Music Inc.: Tier II & III cities to lead the growth of digital music: Neeraj Roy, Hungama
In his session at the second edition of Music Inc. held in Mumbai on Friday, Roy, Founder-CEO of Hungama, spoke about the landscape of the music industry from the prism of the digital world
Who better to speak about the roadmap for the Indian music Industry than Neeraj Roy, Founder-CEO of digital entertainment service Hungama.
In his session at the second edition of Music Inc. held in Mumbai on Friday, Roy spoke about the landscape of the music industry from the prism of the digital world and how it is likely to shape up over the next few years.
He said traditionally music and Indian cinema has had a strong association, but that is changing. “Our industry has a rich cultural heritage. Our music comes from 29 different states and 17 different film producing markets. But it has had a huge association with the Indian cinema which is today about a 104 years old. Indian cinema and music have gone hand in hand,” he said.
Further adding, he said, “In the last few years, you would have seen the emergence of storytelling in Indian cinema across languages that is not necessarily relying on music as much as it would have 10-20 years back. But the advent of the digital world has opened up opportunities for independent music.”
According to Roy, even though the Indian music Industry is a fast growing one, it is pale in comparison to the music consumption in the US. But he is optimistic about the future on the back of the digital revolution.

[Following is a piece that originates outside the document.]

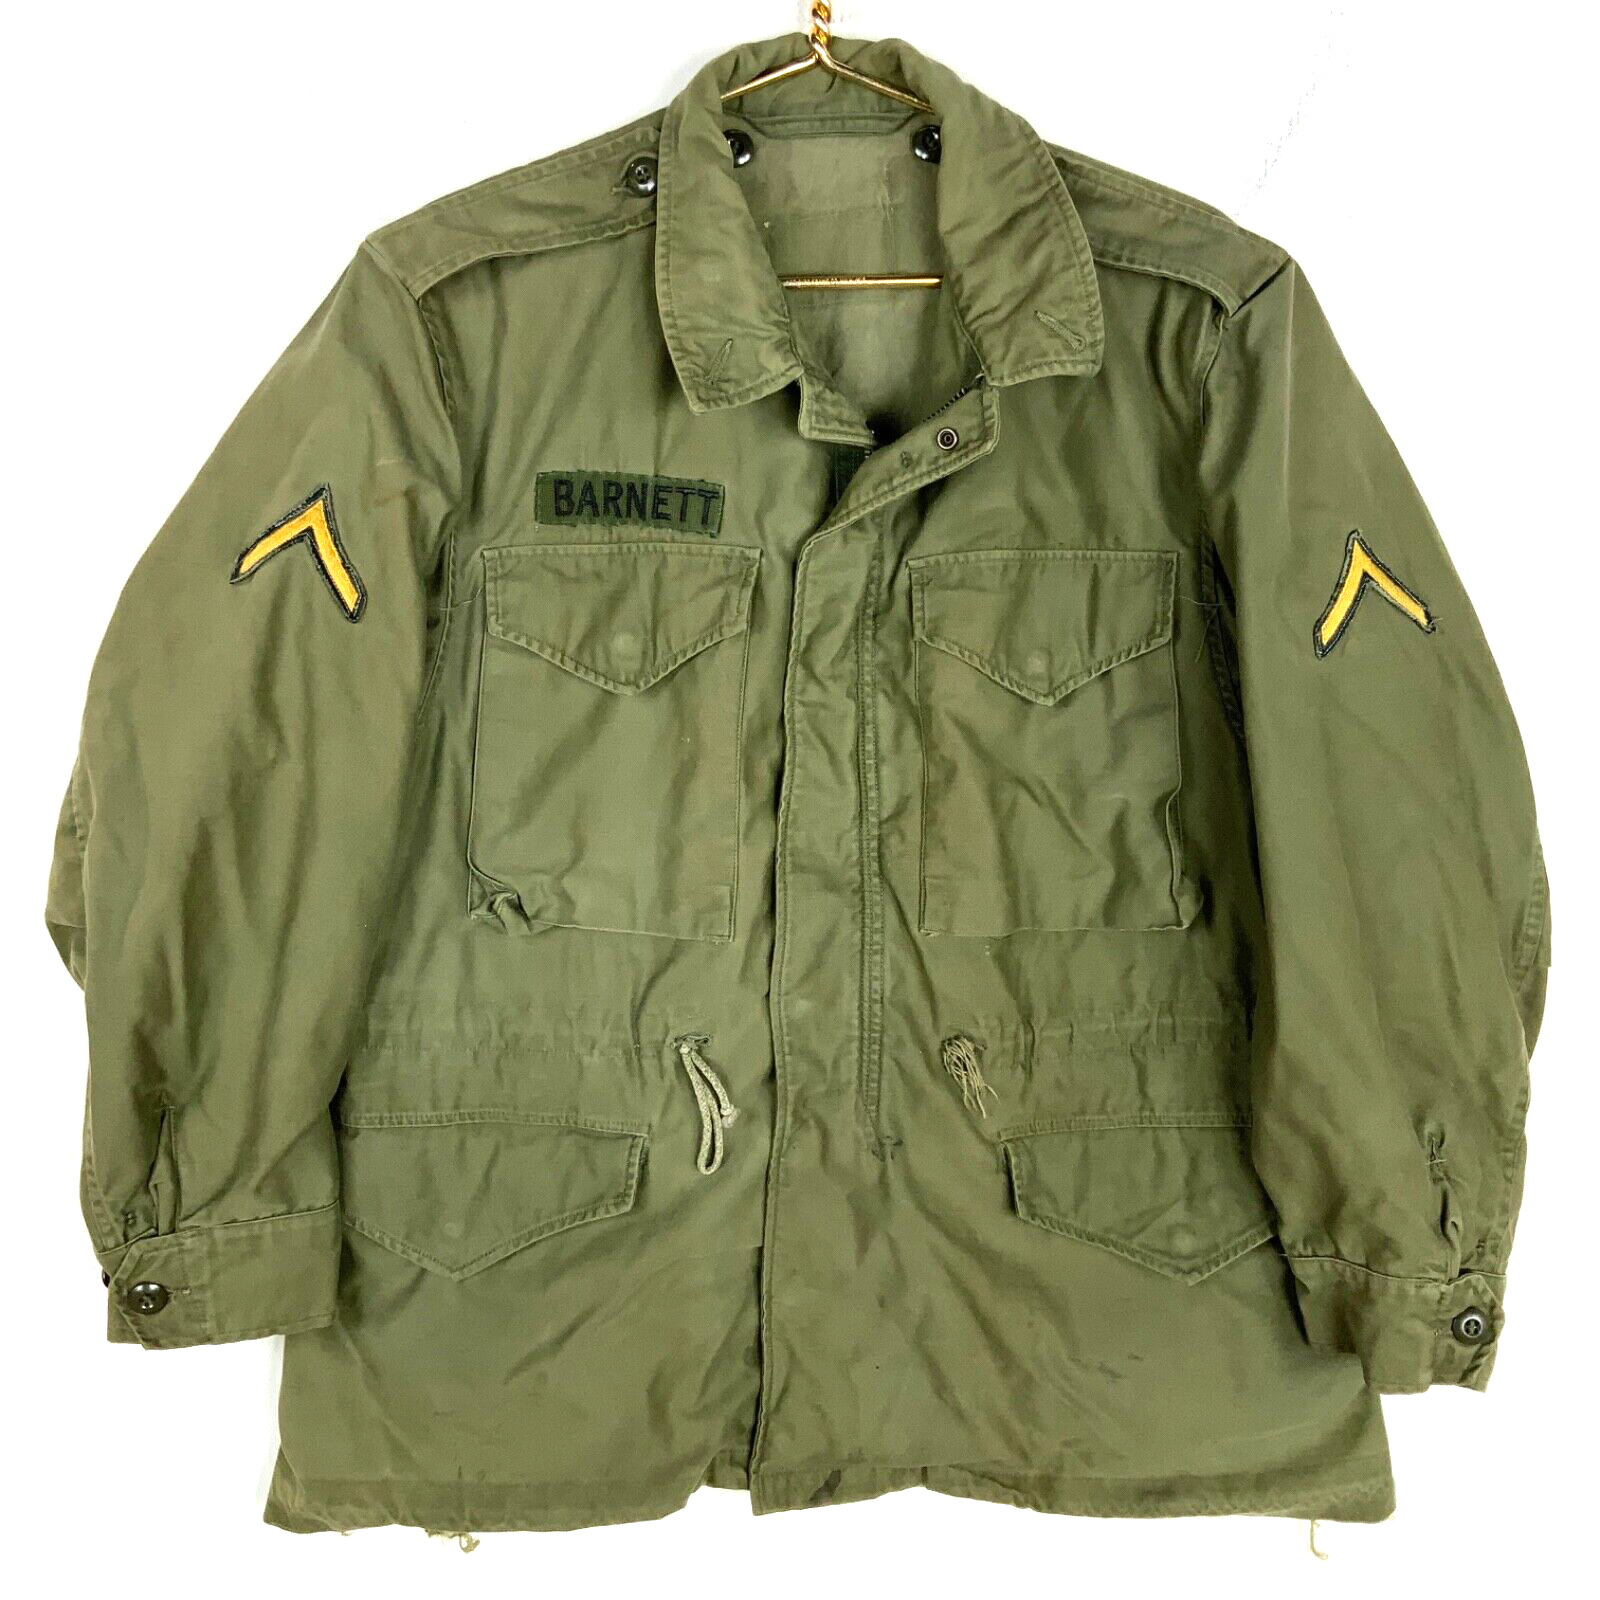 Vintage Military Og 107 Jacket Size Small Green Vietnam Era 70s

“It (music) is one of the fastest growing digital categories. The amount of time we end up spending on a category which is linked to the entertainment industry far outshines almost any other category. Today, around 250 million users are actively doing streaming. They may be doing it out of a range of eight odd services that exist in the market. So you have a stage that is likely to lead to close to about 600 million consumers over the next five years,” said Roy.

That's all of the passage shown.